Activity:
Pictures are not part of the copy; reproduce the remaining data exactly.

Dataset excerpt:
====

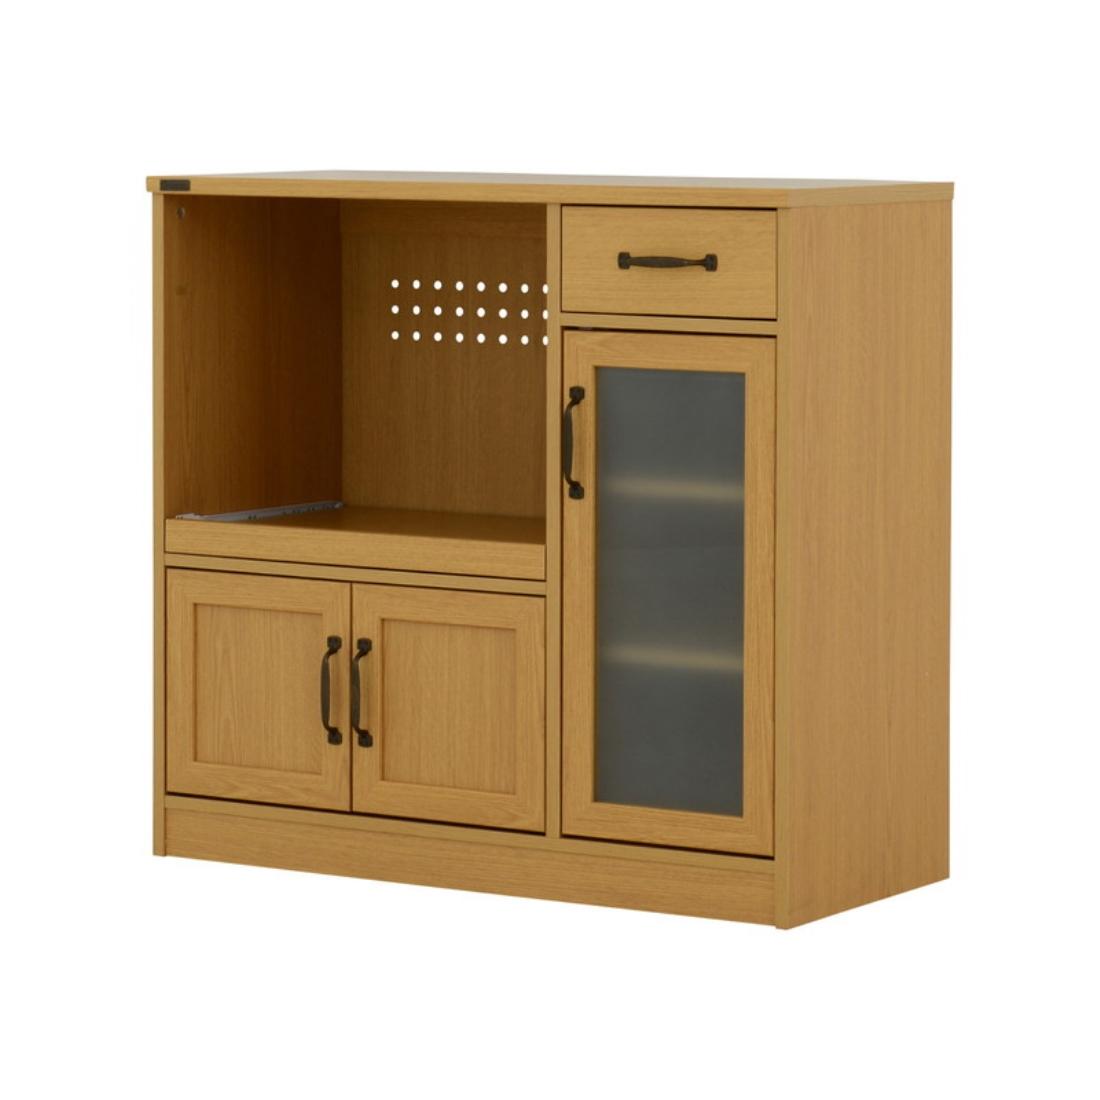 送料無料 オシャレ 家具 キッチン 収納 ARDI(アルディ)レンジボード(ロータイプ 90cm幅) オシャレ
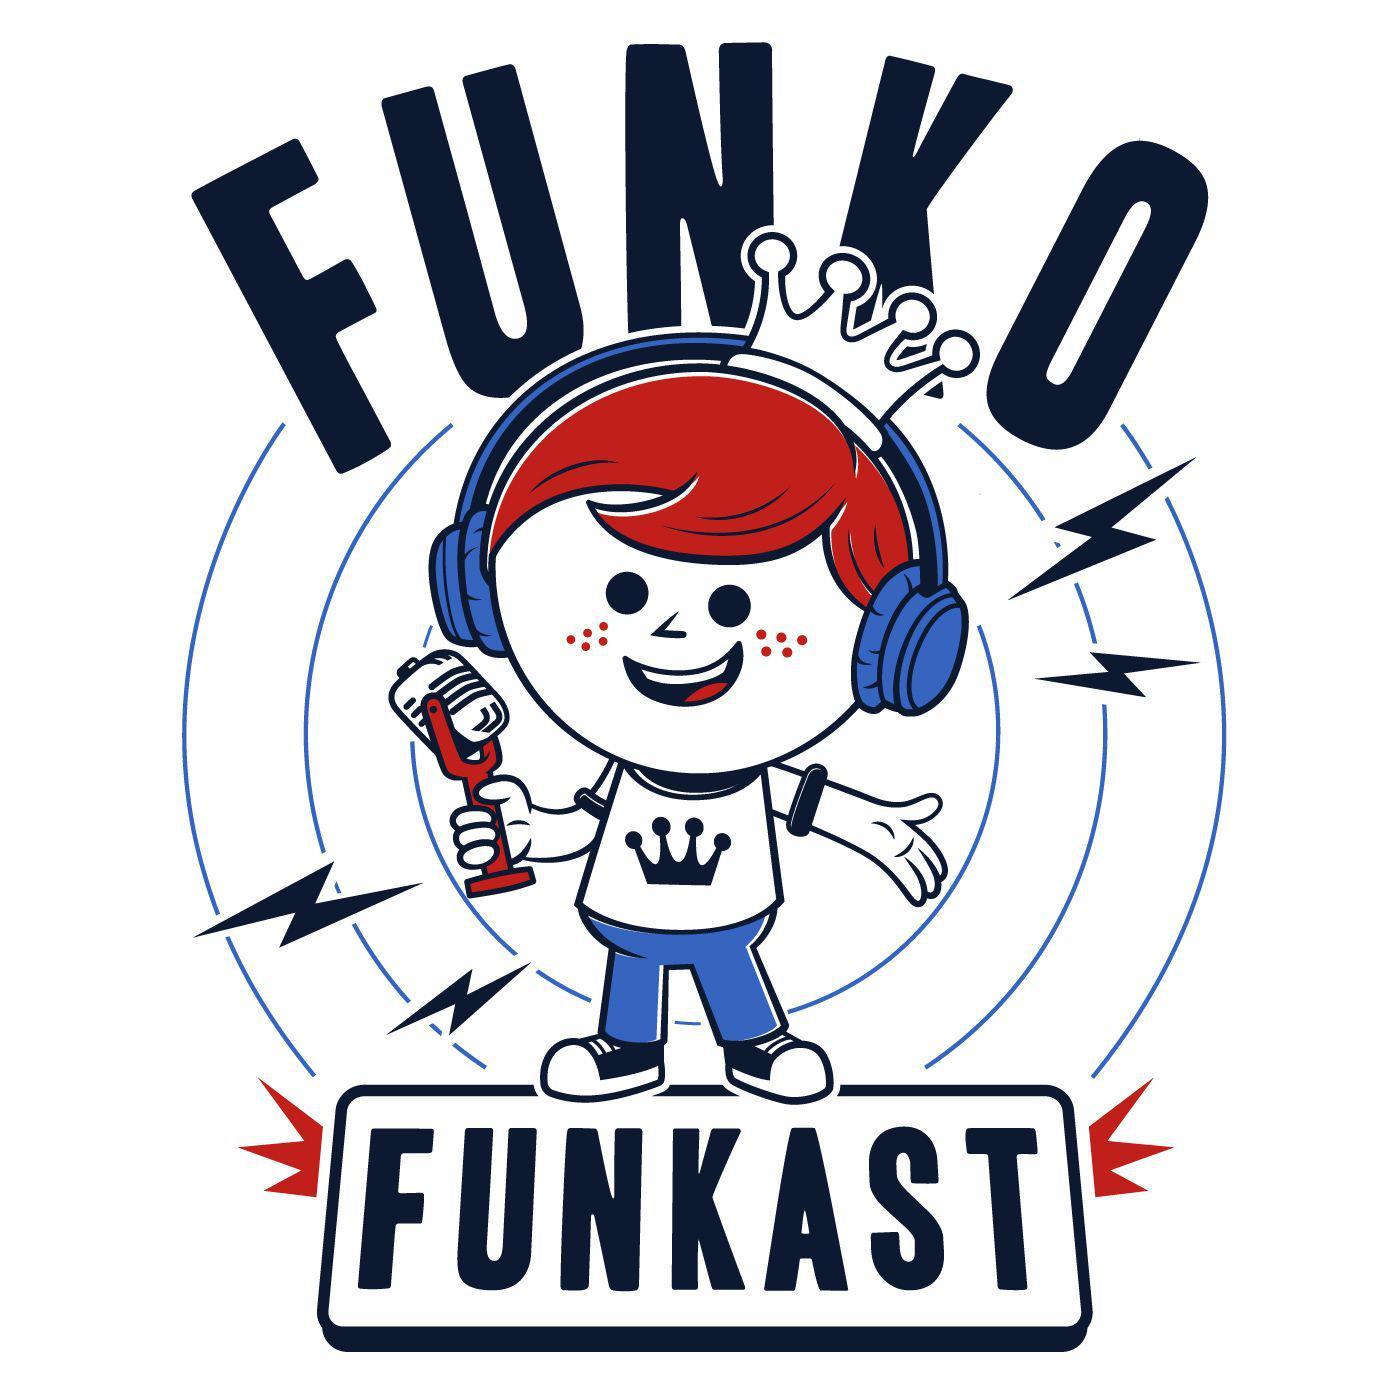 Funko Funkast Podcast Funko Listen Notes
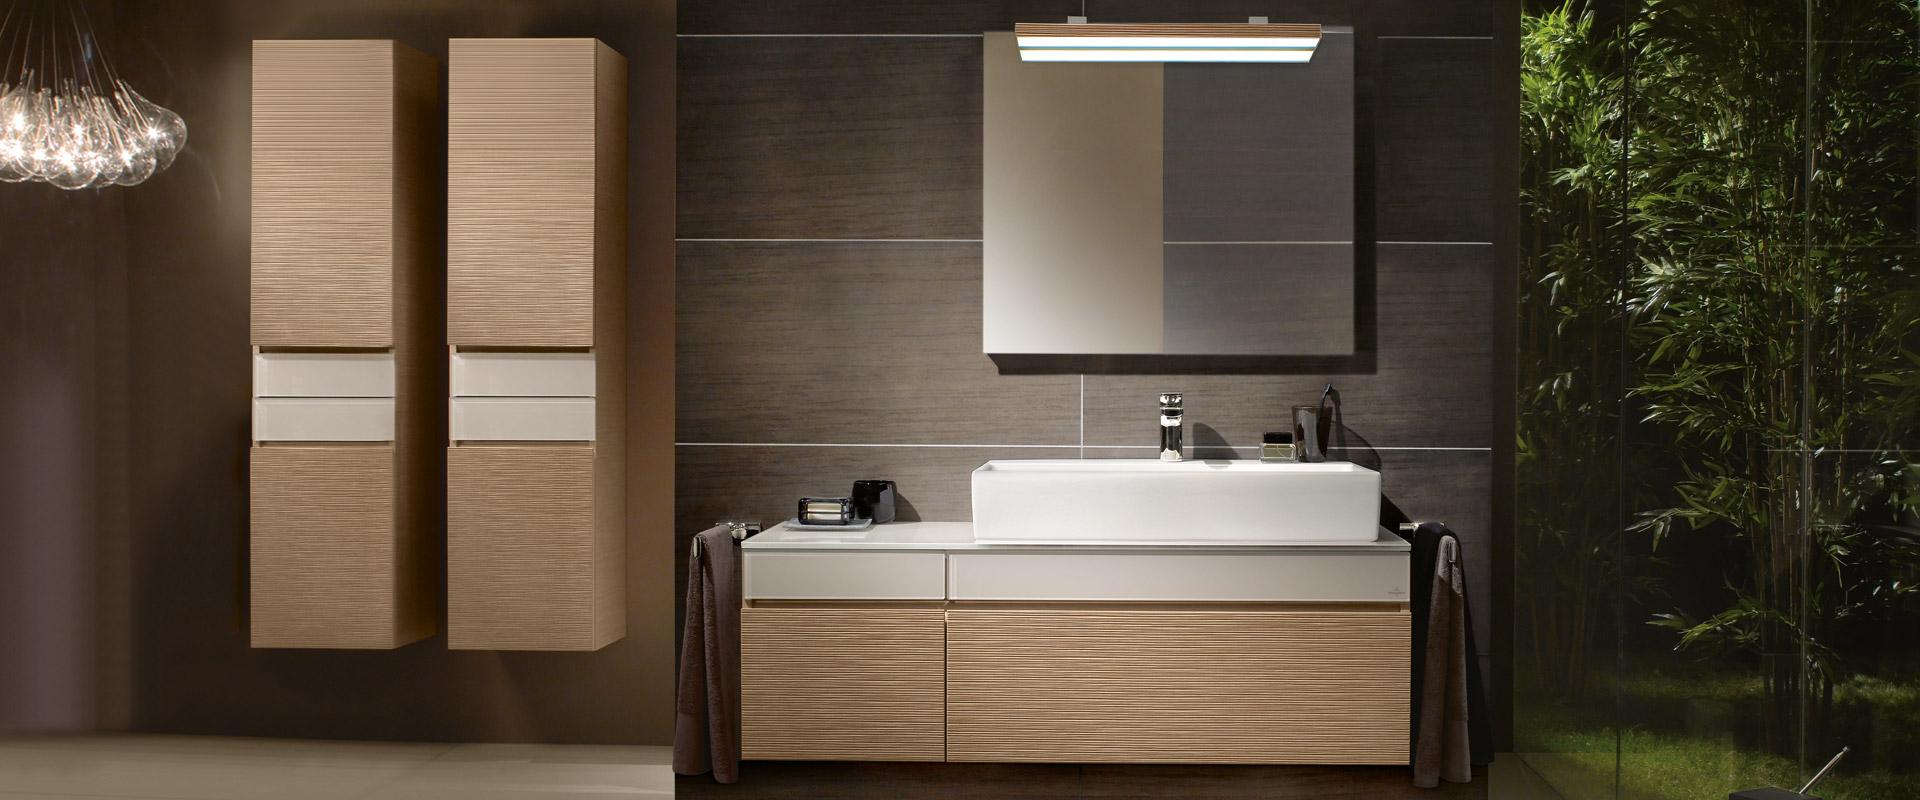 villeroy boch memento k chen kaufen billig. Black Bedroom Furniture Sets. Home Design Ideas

====

Solution:
 送料無料 オシャレ 家具 キッチン 収納 ARDI(アルディ)レンジボード(ロータイプ 90cm幅) オシャレ
 Funko Funkast Podcast Funko Listen Notes
 villeroy boch memento k chen kaufen billig. Black Bedroom Furniture Sets. Home Design Ideas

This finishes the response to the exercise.